Kenneth E. Powell, Abby C. King, David M. Buchner, Wayne W. Campbell, Loretta DiPietro, Kirk I. Erickson, Charles H. Hillman, John M. Jakicic, Kathleen F. Janz, Peter T. Katzmarzyk, William E. Kraus, Richard F. Macko, David X. Marquez, Anne McTiernan, Russell R. Pate, Linda S. Pescatello, and Melicia C. Whitt-Glover
Background: The 2018 Physical Activity Guidelines Advisory Committee Scientific Report provides the evidence base for the Physical Activity Guidelines for Americans, 2nd Edition.

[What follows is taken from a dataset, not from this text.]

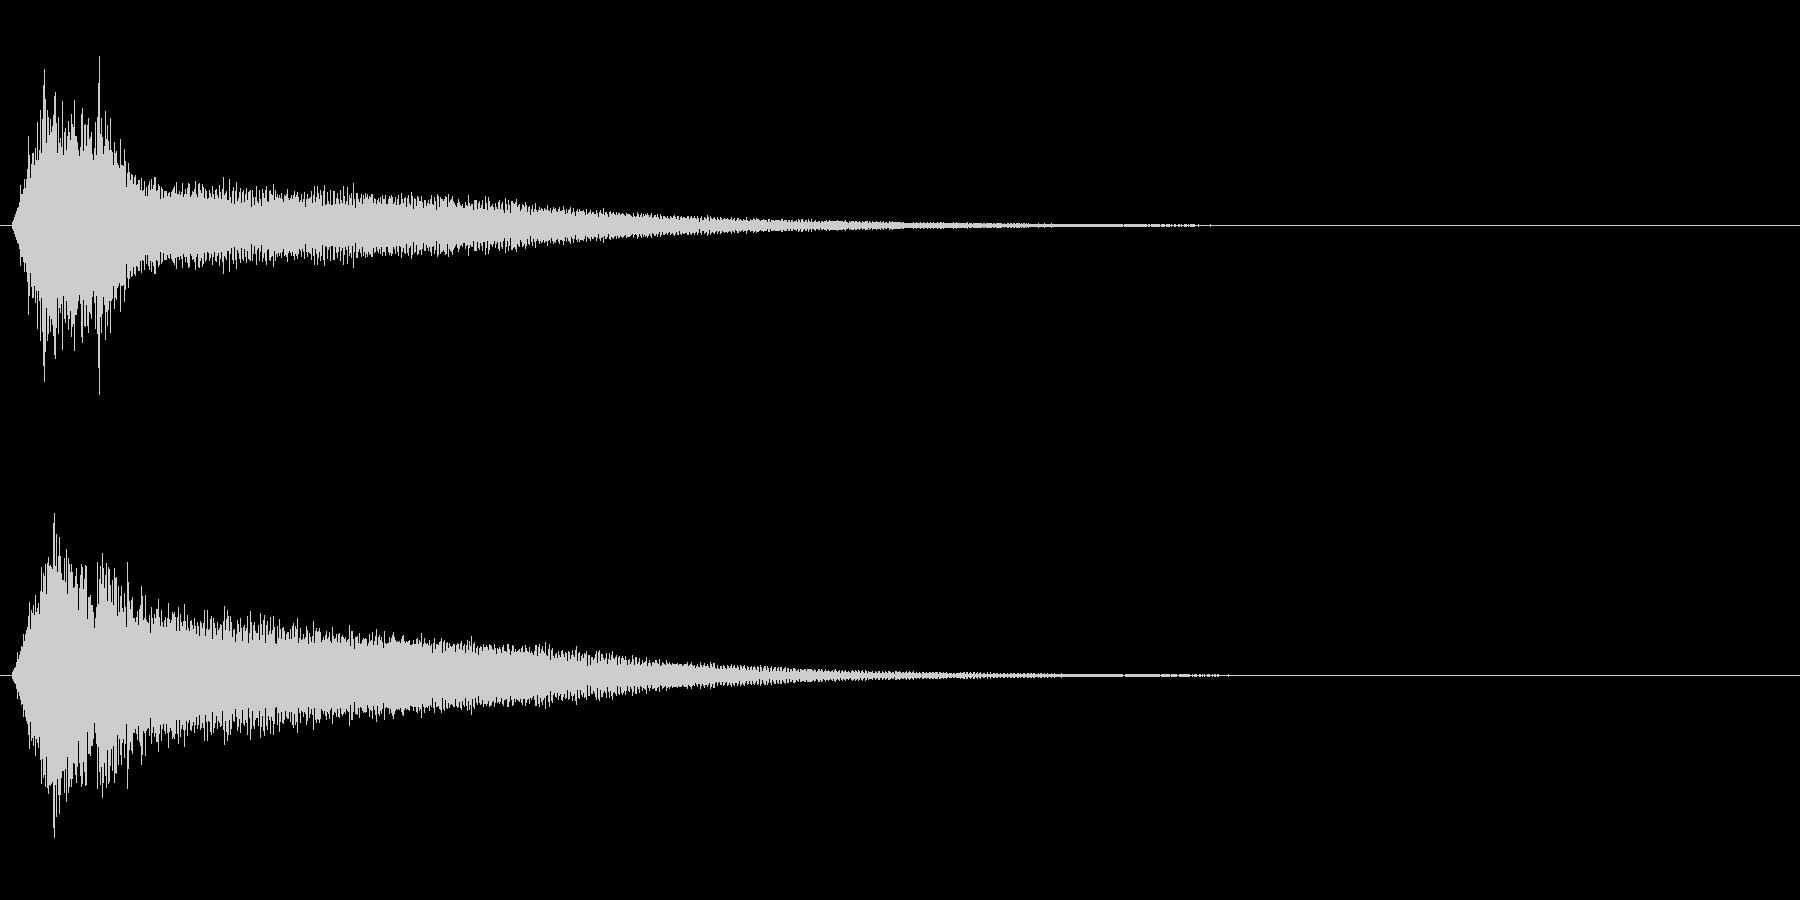 サスペンスに最適!ピアノの弦を弄ぶ音32の未再生の波形

Methods: The 2018 Physical Activity Guidelines Advisory Committee addressed 38 questions and 104 subquestions selected for their public health relevance, potential to inform public policies and programs, maturity of the relevant science, and applicability to the general US population. Rigorous systematic literature searches and literature reviews were performed using standardized methods. Results: Newly described benefits of physical activity include reduced risk of excessive weight gain in children and adults, incidence of 6 types of cancer, and fall-related injuries in older people. Physical activity is associated with enhanced cognitive function and mental health across the life span, plus improved mental health and physical function. There is no threshold that must be exceeded before benefits begin to accrue; the accrual is most rapid for the least active individuals. Sedentary time is directly associated with elevated risk of all-cause and cardiovascular mortality, incident cardiovascular disease and type 2 diabetes, and selected cancer sites. A wide range of intervention strategies have demonstrated success in increasing physical activity. Conclusion: The 2018 Physical Activity Guidelines Advisory Committee Scientific Report provides compelling new evidence to inform physical activity recommendations, practice, and policy.